By David Glenn Cox
Laughter is about the only way to have fun without any real effort. Just sit on the beach and watch it roll in wave after wave. You can’t make this stuff up, the NRA, the National Rifle Association, the manufacturer of over 100 million auto glass window stickers and on the Christmas wish list of every redneck in America has shot themselves in the foot. See there are two NRA’s. The NRA you know and love Charlton Heston barking as a white man wronged, “from my cold dead hands!” and the NRA foundation, aka the purse.
The NRA is accused of borrowing money from the foundation to cover cash flow problems. I was in business long enough to know cash flow problems is an ugly phrase. Bernie Madoff had cash flow problems. Cash flow problems bring scrutiny and attention to purchases and billing practices. “Let’s see; I bought this pack of gum for $900 and I took a client to lunch and that was $3,500 and I paid my brother in law $9,000 to empty the trash cans. It is the same old story borrowing from the pension fund or the tax fund always promising to pay it back later, but later never comes.
This is the NRA they know how to fundraise like a televangelist on crank. They are the right-wing holy grail, God, country, and the NRA. The bank ought to be calling up bitching because they can’t get the vault closed again because of all their money.
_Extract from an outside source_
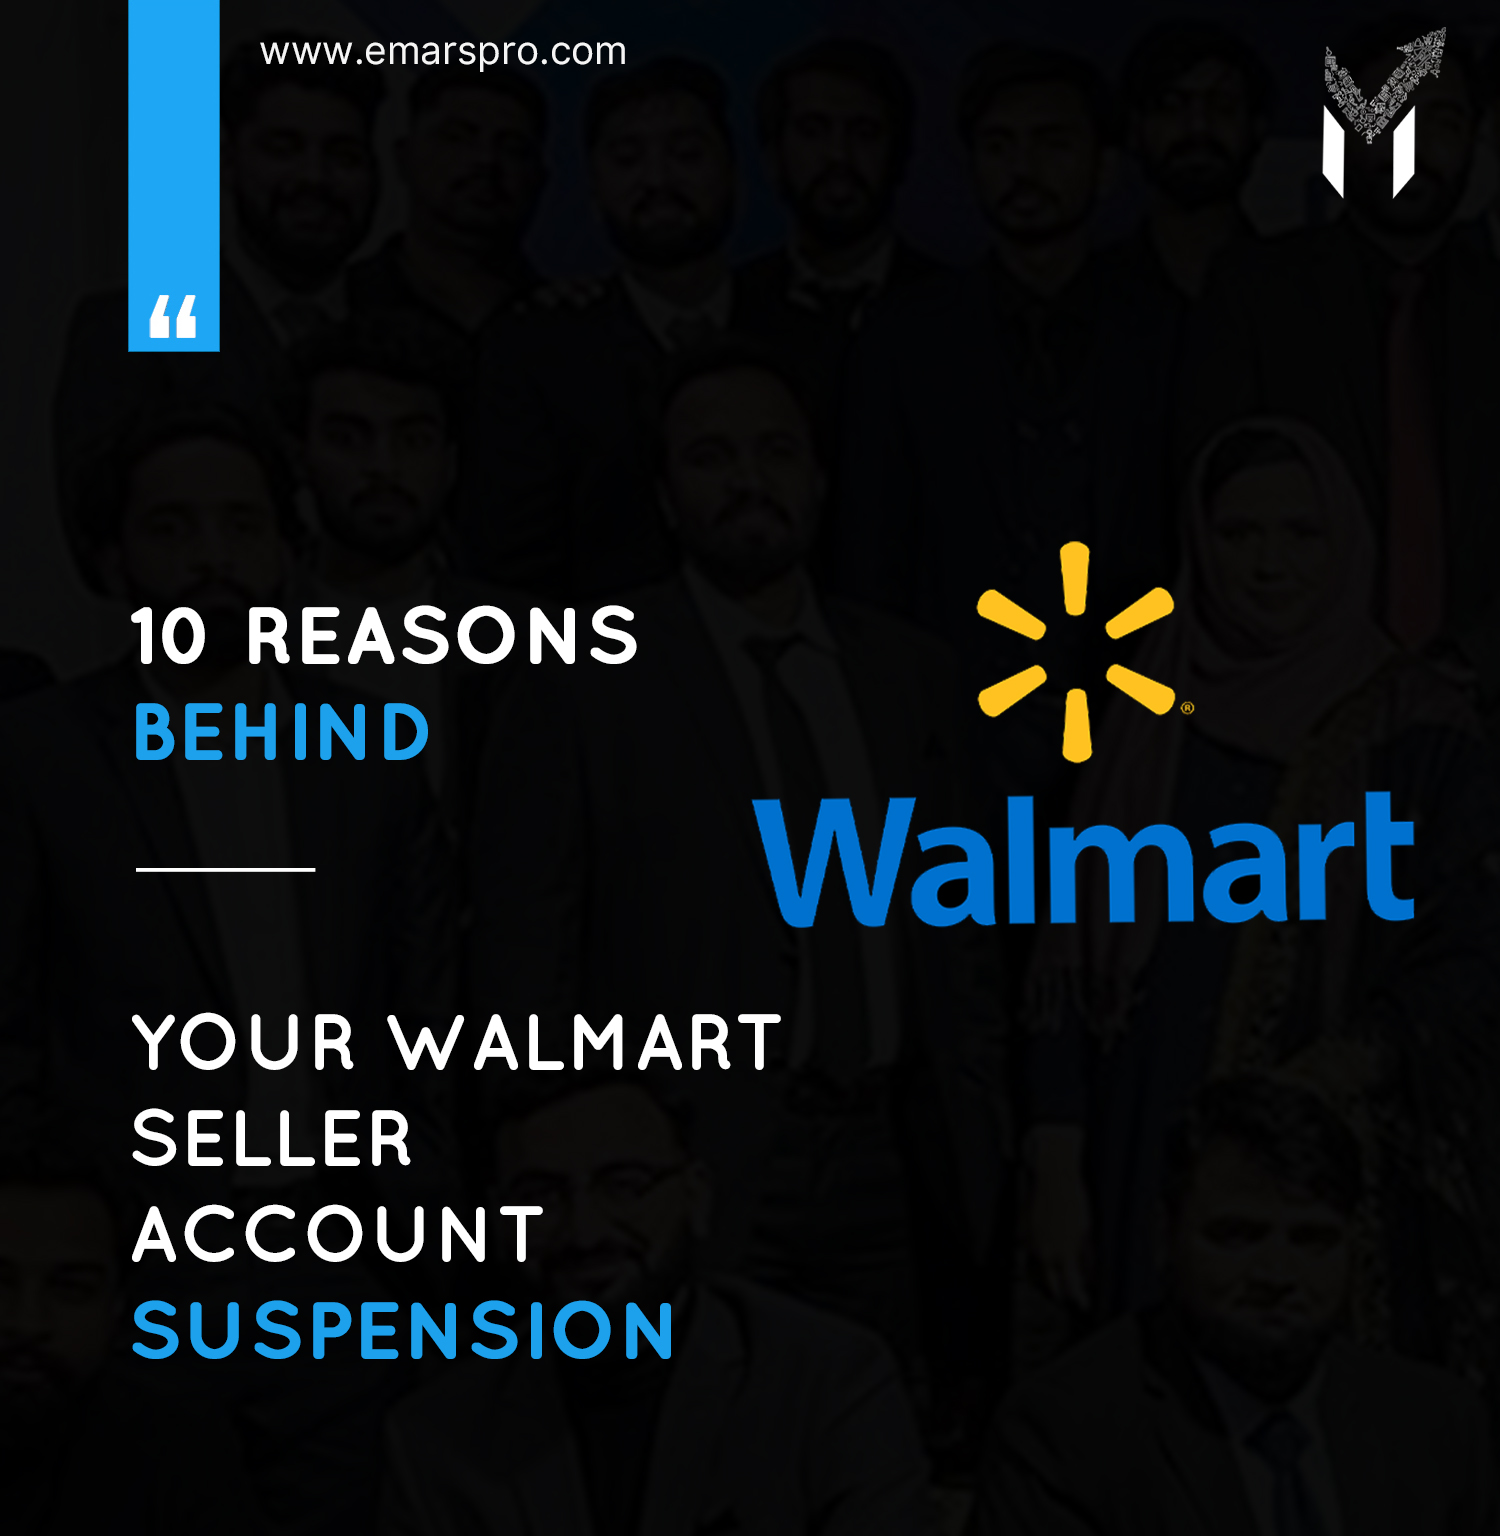 10 Reasons behind your Walmart Seller Account Suspension

In 1968, when Apple Records ran the Beatles and not the other way round there was a discrepancy in the accounts of around ten thousand dollars per week. So much money was pouring in it was considered a dime that rolled under the couch. So, the NRA borrows five million from the foundation, aka the purse. They promised to pay the note back in 90 days or pay interest of 7%. You might not think so, but or is an excessively big word.
“Sure, we’ll pay it right back. Its just been a slow quarter the economy you know, besides ha, ha, we wouldn’t want to have to pay that 7% interest. Ouch, you guys are terrible.” Come the 90 days, “Oooh, right now is not a good time for us bad press you know, but I’ll tell you what we can do. If you let us slide, you know those payments we are supposed to be making? We are gonna pay double that amount and make double payments!” So, with a gun to their head the purse gave in. But then the old clock on the wall said it was time to begin making those double payments and guess what?
“Now gentleman, as you know we’ve promised to repay the five million dollars or pay 7% interest. And we are prepared to begin making those interest only payments today. The purse was held hostage at gun point looking down the barrel of a very ugly lawsuit or just give in and try to fix the problem quietly from the inside. “Auditor! Why would you want to hire an Auditor for? Don’t you trust us? This is not a good time; we’re repainting the office, and the carpet people are coming Thursday. So, they held this board meeting and the chairman Wayne Lapierre suggested they look into this auditor business at some other time. That some other time has yet to come.
Well resignations came and Hudsucker Proxies were found. Living on a Republican name and a criminal past enter Oliver North. “He’s perfect! And he already has a criminal record! That’s perfect for a company with a history of financial irregularities! You didn’t tell him to come to the meetings, did you?”
Over the years I’ve always been amazed at how tight fisted and judicious the NRA was with their money. My Congressman in Alabama had been given $12,000 over the course of four campaigns. Three grand in a campaign of close to a million dollars…big whoop! But they had that leverage, endorsed by the NRA. You couldn’t be a God-Fearing Republican running for office if you weren’t endorsed by the NRA. To hold the keys to the kingdom in their pocket with blood on their hands.
Seductive circles of power and black ties dinners. Golfing events hanging out with celebrities and ex-presidents and you know what? Because I hang out with people who are important, I must be important too. Make those tickets first class and get me a week in the Presidential suite. The curse of running with the rich and famous when you ain’t rich and you ain’t famous. “Put it on the company card and call me a limo!”
Riding the whole flaming shebang down into the ground in Trumpian style. They say the worst curse you can put on a business is twenty years of unbridled success as our streets run red with the blood of the alienated, the angry and the hopeless. The NRA have been very successful; the mortuary industry alone owes them a great deal of gratitude. The armorers of oppression both for and against. Theirs is a volume business but don’t call it tragedy, call it a fund-raising opportunity. “Obama’s going to take your guns. Clinton is going to take your guns, and John Kerry is going to take your guns!” Selling fear and paranoia to the public while dealing death and destruction.
They are gone but will reform like a terminator after a shotgun blast. The con is too good, turning fear into money and turning racism into money and influence. The official spokesperson for angry white America.